Pytorch DataLoader pipelining not working

I would expect DataLoader to load batches concurrently to the main process, refilling the buffer as soon as a batch is consumed from the buffer. However, when I track the utilization of GPU and order of loading vs execution I see some different behavior:

  1. loading of the whole buffer (expected)
  2. consuming the whole buffer by execution of all the batches until the buffer is empty (not expected)
  3. loading the whole buffer again without parallel execution (not expected)
  4. goto 2.

This obviously results in dips in GPU utilization when in step 3.

I set:

num_workers >= 1

pin_memory = True/False (doesn’t influence the described behavior)

Did anyone experience the same? What could be the issue?

Your experience would mean that e.g. if you are using 10 workers, the GPU would starve after 10 batches, as each worker would have to load the next batch?
I haven’t seen this behavior yet and only see a latency in the first epoch of the DataLoader, where each worker is loading the batch. Afterwards the data loading time should be hidden in the background, if your actual training workload is large enough.

Yes, that’s more or less what happens.
After some isolated tests of just loading batches from the dataloader without doing any GPU processing, I think the problem could stem from the size of the epoch and how the dataloader iterates over epochs. The current dataset only has 50 samples (long videos) from which smaller samples are taken. The dataloader iterates over epochs of 50. Is it possible that the dataloader only prefetches until the end of the epoch is reached and after the last batch is prefetched, it waits until completion of all batches on the GPU? Afterwards it somehow “restarts”? This could explain the behavior I’ve seen lately: Near 100% GPU utilization with regular intermediate dips to 0%

(I’m using a map-style dataset)

Probably that’s the issue right here (

Multi-process data loading

Setting the argument num_workers as a positive integer will turn on multi-process data loading with the specified number of loader worker processes.

In this mode, each time an iterator of a DataLoader is created (e.g., when you call enumerate(dataloader) ), num_workers worker processes are created. At this point, the dataset , collate_fn , and worker_init_fn are passed to each worker, where they are used to initialize, and fetch data. This means that dataset access together with its internal IO, transforms (including collate_fn ) runs in the worker process.

Shouldn’t the implementation of take care of seamless prefetching over epochs?

In a lot of use cases training a complete epoch takes a lot of more time than reinitializing the worker processes, so that the epoch start could be ignored.
It’s probably an edge case, but you could also manipulate some arguments of the DataLoader itself or the underlying Dataset between epochs.

However, if this behavior is the bottleneck in your code, you might try to e.g. increase the length of your Dataset artificially (__len__ could return multiple epochs and in __getitem__ you could use the % operator) or warm-up the next iterator via loader_iter2 = iter(train_loader) during one of the last iterations of your training.

I could replicate the issue with two extreme cases (artificial):

  1. epoch of 10000 samples
  2. epoch of 1 sample

-> 1. has 4 times higher bitrate when loading my data, which confirms the suspected issue.

That’s exactly what I came up with aswell :wink: (first case)

I agree with your statement, that this is probably en edge case.
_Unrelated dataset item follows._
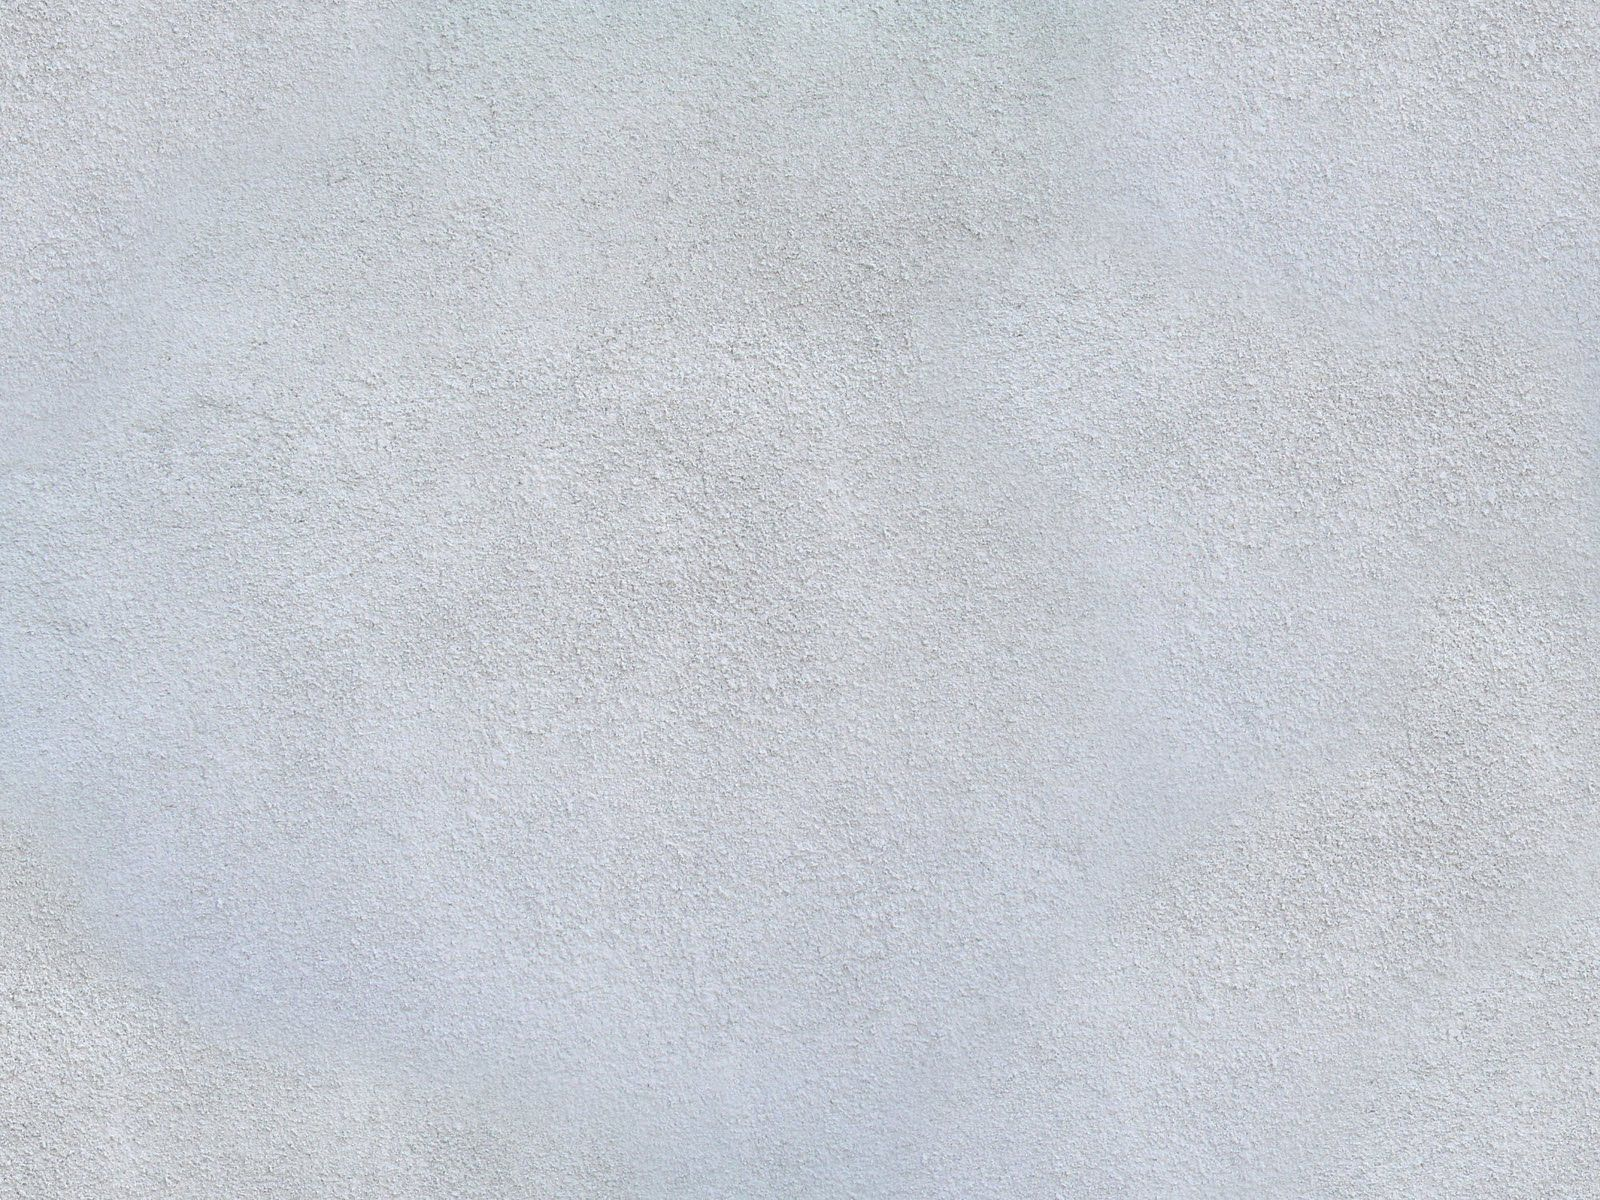 polished concrete floor texture seamless. White Concrete Texture - Google Search Polished Floor Seamless

However, I would expect to be an infinite iterator. I therefore think seamless batch loading should be implemented natively because: in any case, if you learn over more than 1 epoch, there’s an inherent unnecessary downtime (which is probably not expected by the users). If you learn over rather small epochs, this downtime can lead to significant lower GPU utilization, wasting precious processing time. Do you think this could be an easy fix in

There might be a “fix”, but it would be interesting to see the performance improvements for some typical use cases first.
If the speedup is marginal (besides extreme cases, where an epochs use 1 sample), I’m not sure it’s worth the effort.
How big is the slowdown in each epoch for your current use case?